:: EXTRACTED INFORMATION ::
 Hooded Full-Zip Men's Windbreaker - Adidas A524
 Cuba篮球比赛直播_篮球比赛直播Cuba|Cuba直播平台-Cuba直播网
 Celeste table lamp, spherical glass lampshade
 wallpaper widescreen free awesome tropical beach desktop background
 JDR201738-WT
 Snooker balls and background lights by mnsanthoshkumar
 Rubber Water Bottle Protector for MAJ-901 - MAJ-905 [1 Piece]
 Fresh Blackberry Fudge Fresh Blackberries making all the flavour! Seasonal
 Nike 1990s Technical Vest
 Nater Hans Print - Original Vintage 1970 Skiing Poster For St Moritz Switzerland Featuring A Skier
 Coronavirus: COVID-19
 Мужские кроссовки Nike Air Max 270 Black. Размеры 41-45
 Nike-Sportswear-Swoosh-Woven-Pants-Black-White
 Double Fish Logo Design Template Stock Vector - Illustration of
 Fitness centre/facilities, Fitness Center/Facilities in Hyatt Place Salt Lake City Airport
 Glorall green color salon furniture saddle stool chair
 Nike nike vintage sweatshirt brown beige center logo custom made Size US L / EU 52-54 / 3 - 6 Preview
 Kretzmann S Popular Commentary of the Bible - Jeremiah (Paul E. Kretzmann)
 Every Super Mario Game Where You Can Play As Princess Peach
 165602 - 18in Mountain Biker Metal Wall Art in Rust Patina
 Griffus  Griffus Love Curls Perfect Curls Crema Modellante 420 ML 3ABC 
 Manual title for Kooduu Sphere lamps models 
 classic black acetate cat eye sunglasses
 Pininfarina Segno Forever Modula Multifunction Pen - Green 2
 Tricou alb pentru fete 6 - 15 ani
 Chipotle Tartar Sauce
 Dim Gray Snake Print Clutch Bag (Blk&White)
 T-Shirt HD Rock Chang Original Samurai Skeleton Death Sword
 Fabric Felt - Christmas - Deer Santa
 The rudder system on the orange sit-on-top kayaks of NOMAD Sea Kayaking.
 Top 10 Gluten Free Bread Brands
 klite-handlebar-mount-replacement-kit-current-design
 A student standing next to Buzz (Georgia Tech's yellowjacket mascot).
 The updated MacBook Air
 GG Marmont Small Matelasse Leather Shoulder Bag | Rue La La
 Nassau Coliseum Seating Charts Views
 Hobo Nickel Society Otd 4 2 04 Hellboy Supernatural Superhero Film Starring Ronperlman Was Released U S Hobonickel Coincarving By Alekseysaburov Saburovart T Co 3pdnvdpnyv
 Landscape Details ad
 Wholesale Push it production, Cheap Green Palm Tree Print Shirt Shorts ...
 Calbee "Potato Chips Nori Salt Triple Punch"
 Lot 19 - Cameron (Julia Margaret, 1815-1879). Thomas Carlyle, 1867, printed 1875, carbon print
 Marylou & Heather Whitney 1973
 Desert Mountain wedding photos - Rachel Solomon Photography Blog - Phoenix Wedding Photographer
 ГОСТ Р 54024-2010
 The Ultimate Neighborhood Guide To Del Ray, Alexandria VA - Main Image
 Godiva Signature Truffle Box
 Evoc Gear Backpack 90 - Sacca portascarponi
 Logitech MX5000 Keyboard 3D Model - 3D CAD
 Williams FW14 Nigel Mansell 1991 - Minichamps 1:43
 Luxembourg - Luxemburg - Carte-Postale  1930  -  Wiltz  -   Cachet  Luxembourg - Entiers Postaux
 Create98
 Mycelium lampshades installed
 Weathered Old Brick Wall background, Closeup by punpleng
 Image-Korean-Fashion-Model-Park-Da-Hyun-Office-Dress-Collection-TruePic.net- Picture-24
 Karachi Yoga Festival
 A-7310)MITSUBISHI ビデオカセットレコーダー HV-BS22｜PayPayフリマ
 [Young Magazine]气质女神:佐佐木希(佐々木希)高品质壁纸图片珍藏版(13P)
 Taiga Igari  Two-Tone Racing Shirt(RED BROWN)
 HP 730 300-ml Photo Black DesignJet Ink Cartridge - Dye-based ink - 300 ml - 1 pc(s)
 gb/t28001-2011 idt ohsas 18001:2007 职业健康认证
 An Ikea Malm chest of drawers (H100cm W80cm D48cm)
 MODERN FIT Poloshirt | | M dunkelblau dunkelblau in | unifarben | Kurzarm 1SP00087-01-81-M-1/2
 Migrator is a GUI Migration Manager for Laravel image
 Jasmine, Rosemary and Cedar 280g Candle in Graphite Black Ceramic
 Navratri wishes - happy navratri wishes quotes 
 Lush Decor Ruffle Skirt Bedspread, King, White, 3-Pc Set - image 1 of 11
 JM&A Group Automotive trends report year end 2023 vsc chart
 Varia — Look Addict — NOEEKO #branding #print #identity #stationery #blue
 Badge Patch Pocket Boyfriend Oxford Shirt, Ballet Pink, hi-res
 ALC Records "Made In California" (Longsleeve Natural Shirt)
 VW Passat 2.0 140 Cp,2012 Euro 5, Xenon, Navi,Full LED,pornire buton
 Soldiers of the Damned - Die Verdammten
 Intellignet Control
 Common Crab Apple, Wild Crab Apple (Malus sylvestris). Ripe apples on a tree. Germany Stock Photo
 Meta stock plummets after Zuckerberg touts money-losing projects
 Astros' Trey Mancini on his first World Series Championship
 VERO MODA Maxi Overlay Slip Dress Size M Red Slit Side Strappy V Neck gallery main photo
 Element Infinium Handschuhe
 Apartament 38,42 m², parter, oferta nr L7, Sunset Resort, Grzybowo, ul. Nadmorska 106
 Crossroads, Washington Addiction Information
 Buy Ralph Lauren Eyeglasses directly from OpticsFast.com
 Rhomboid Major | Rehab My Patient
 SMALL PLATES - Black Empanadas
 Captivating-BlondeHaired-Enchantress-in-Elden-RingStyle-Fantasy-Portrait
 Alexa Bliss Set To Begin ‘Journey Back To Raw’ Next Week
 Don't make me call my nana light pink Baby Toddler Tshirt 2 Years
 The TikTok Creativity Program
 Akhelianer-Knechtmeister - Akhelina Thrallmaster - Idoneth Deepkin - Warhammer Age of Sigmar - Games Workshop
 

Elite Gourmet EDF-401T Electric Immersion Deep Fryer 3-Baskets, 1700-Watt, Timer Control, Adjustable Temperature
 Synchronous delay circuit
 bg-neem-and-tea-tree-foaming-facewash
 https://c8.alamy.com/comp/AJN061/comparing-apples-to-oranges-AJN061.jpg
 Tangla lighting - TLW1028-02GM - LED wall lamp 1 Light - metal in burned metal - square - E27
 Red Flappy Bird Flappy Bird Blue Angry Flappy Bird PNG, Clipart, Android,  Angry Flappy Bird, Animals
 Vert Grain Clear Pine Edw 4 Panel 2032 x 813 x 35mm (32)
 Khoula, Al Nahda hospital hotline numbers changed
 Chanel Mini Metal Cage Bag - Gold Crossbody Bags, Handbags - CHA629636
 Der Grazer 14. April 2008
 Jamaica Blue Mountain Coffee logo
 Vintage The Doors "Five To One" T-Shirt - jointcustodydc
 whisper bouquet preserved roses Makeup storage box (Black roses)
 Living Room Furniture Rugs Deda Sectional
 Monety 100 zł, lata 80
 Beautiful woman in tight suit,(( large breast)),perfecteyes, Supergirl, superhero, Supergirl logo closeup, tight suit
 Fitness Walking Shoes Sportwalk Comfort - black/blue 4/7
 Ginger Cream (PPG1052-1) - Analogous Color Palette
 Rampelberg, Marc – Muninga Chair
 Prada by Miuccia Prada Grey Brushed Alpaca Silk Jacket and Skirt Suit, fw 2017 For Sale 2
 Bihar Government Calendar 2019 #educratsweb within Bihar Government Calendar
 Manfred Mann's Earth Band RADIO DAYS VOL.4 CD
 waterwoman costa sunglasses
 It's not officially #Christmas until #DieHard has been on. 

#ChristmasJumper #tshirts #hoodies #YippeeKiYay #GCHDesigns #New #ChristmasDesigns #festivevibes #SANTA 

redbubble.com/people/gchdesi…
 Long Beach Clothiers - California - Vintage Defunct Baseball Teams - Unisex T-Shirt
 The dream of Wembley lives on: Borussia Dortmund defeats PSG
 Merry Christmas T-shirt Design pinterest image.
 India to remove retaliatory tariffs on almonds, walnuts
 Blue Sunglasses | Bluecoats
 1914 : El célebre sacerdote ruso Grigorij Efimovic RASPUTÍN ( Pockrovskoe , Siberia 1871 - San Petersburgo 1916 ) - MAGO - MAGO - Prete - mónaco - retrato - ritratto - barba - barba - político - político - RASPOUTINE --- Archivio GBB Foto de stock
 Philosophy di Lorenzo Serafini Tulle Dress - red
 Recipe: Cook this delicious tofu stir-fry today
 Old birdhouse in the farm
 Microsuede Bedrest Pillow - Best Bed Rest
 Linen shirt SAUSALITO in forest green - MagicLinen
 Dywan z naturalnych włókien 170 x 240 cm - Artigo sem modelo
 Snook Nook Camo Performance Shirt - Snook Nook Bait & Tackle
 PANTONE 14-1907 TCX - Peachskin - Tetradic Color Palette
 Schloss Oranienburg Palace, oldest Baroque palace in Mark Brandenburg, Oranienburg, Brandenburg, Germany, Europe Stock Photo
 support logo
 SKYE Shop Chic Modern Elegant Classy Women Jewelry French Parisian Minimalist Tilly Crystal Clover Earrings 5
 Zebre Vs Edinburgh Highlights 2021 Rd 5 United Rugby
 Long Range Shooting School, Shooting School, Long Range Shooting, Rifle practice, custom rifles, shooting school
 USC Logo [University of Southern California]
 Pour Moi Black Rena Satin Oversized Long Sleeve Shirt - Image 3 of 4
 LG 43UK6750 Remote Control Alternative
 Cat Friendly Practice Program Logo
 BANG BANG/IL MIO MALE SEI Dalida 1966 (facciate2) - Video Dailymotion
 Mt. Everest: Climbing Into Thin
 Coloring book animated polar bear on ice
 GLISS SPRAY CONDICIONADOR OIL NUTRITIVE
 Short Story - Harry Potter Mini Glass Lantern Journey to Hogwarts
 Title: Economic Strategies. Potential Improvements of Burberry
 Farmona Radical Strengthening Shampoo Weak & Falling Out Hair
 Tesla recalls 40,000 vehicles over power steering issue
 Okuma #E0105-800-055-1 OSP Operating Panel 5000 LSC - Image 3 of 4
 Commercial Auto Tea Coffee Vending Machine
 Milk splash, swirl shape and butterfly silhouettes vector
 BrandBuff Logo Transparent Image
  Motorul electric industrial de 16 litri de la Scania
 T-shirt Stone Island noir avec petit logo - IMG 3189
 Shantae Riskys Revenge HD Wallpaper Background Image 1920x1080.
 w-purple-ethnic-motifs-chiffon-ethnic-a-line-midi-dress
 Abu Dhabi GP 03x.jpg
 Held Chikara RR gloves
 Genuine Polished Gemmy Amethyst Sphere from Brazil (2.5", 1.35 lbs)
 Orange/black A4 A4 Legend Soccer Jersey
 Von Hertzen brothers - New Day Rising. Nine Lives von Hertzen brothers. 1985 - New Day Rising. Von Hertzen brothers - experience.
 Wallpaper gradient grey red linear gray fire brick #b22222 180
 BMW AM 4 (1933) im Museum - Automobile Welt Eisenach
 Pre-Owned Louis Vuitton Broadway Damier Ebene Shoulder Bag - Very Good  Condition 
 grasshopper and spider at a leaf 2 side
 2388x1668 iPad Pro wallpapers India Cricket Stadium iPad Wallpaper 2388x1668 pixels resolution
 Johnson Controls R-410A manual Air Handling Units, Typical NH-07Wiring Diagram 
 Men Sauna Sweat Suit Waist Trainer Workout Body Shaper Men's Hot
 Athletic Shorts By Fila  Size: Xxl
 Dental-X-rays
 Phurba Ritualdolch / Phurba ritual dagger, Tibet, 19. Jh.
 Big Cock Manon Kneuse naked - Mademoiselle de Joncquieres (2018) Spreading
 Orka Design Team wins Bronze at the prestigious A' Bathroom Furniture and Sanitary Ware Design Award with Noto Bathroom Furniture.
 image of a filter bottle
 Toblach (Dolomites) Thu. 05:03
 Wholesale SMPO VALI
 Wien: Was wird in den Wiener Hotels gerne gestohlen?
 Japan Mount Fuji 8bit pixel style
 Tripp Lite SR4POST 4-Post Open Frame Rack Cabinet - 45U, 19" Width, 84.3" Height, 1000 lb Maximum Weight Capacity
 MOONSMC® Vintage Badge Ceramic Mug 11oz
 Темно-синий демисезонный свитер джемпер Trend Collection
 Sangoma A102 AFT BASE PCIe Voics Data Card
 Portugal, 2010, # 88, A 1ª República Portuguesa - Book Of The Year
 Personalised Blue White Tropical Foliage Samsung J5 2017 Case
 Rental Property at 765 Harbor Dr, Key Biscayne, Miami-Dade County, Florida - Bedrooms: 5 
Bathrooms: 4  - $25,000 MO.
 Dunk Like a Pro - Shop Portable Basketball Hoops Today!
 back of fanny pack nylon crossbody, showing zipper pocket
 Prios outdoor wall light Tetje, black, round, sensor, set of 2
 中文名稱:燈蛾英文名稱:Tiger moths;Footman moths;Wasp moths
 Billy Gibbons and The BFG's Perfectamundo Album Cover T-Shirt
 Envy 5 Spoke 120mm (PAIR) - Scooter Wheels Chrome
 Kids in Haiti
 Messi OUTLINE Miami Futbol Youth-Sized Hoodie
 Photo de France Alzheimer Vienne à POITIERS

:: YOUR ASSIGNMENT ::
Give back the line containing "back of fanny" and all the lines after it through the end of the records, unchanged.

:: ANSWER TO THIS TASK ::
 back of fanny pack nylon crossbody, showing zipper pocket
 Prios outdoor wall light Tetje, black, round, sensor, set of 2
 中文名稱:燈蛾英文名稱:Tiger moths;Footman moths;Wasp moths
 Billy Gibbons and The BFG's Perfectamundo Album Cover T-Shirt
 Envy 5 Spoke 120mm (PAIR) - Scooter Wheels Chrome
 Kids in Haiti
 Messi OUTLINE Miami Futbol Youth-Sized Hoodie
 Photo de France Alzheimer Vienne à POITIERS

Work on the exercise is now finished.